From Russia With Love -- Dealing With Difficult Adoptions

After years of failed fertility treatments, Tanya and Mike Mulligan warmed to the idea of foreign adoption after seeing an ad in the newspaper touting a Russian program.

The couple wanted to adopt older children who wouldn't require the late-night feedings, teething and potty training of an infant or toddler, and in July 2004 they traveled to a remote Russian orphanage to adopt two sisters, Margarita, then 11, and Elena, 8.

The adoption agency appeared to have found a perfect match for the couple, right down to the blond hair that the sisters had, just like the Mulligans.

"What we were told prior to the adoption was that they came from a loving family," said Tanya Mulligan, a nurse in Tampa, Fla., who was then in her early 40s.

Once in the United States, Elena quickly embraced her adopted country and culture, watching "Finding Nemo" dozens of times to learn English. But Margarita was a study in contrasts.

Less than a week after leaving Russia, the 11-year-old began to show troubling behaviors, losing herself in fits of rage for hours.

"She started having a meltdown and crying, and we couldn't figure out what was going on," Tanya Mulligan said. "She was running around the house and wailing."

Her adoptive parents didn't speak Russian and Margarita understood very little English.
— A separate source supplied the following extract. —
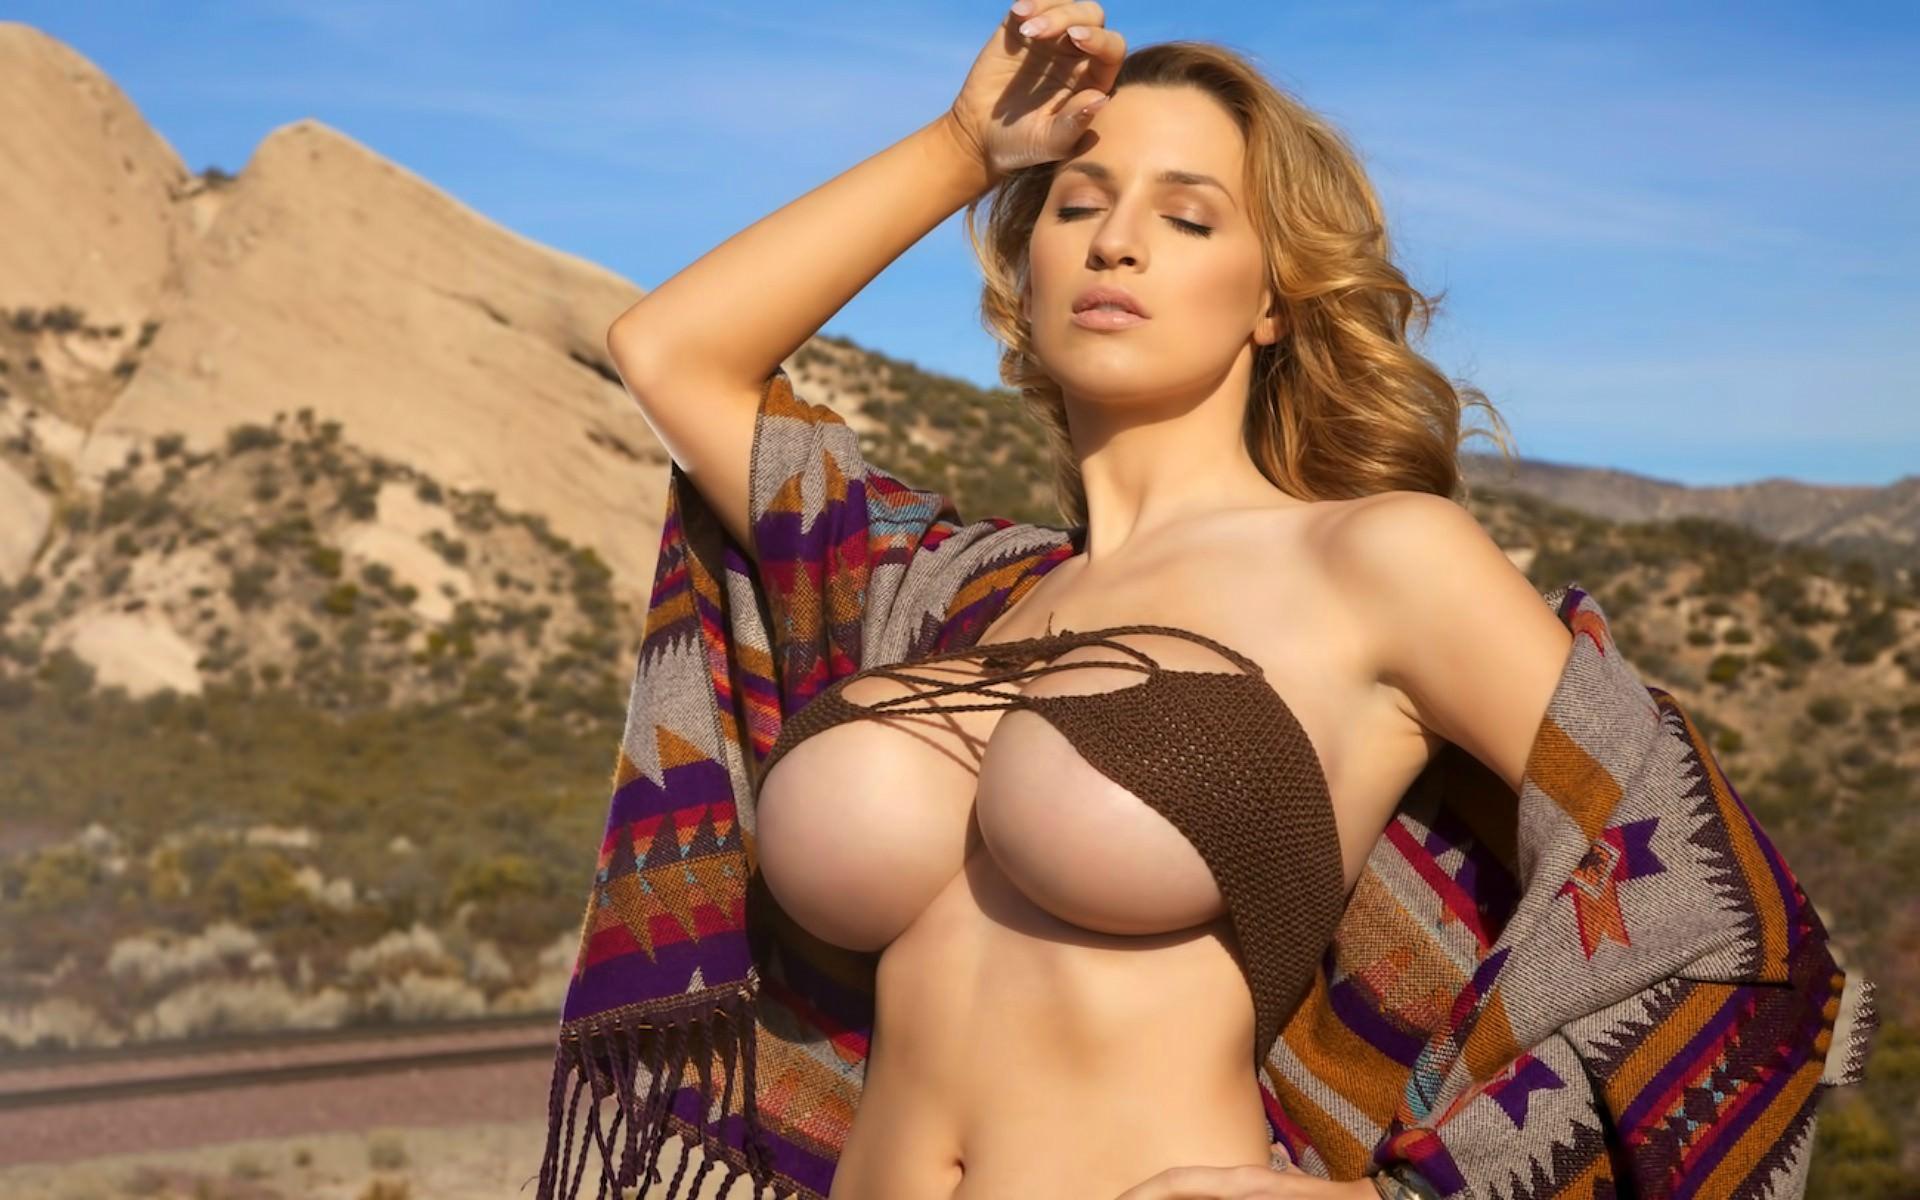 Amature epic boobs

She was crying, out of control and because of the language barrier, there was little her parents could do, they said.

Eventually, Mike Mulligan picked up a video camera and began filming Margarita's behavior, wanting to show Margarita's therapist and other family members how chaotic their lives at home had become.

Foreign Adoption: Family Struggles

As the Mulligans learned more about their daughters' pasts, they say they learned the girls' upbringing was far from the description of a loving family.

The Mulligans said the sisters' biological mother was an alcoholic and a prostitute who left the girls and their baby brother with their grandmother, who, they say, routinely abused them.

"Elena apparently got the brunt of it," Tanya Mulligan said. "[The grandmother] used to take her and swing her around the room and smash her face into the wall."

Tanya Mulligan said the girls told her about one night when their grandmother kept hitting their baby brother with her cane until he stopped crying. The police came the next day and the girls were sent to the orphanage. They never saw their baby brother again and seemed traumatized by his disappearance.

Wanting to give their daughters a new brother like the one they missed so much, the Mulligans -- who always wanted a son -- adopted a 4-year-old Russian boy named Sasha shortly after adopting their girls.

Margarita and the boy, whom the Mulligans renamed Slater, were eventually diagnosed with reactive attachment disorder, or RAD, a common diagnosis for many children adopted from foreign orphanages where they were sometimes neglected and abused. Children with RAD have difficulty bonding with their new families and often act out.

Over time, the Mulligans said, Slater was also diagnosed with the eating disorder pica, post-traumatic stress disorder, autism, low IQ, Tourette's syndrome and dyslexia. Today, he's a third-grader only capable of doing kindergarten-level work.

"One of these diagnoses on their own would be a lot for a parent to handle," Tanya Mulligan said.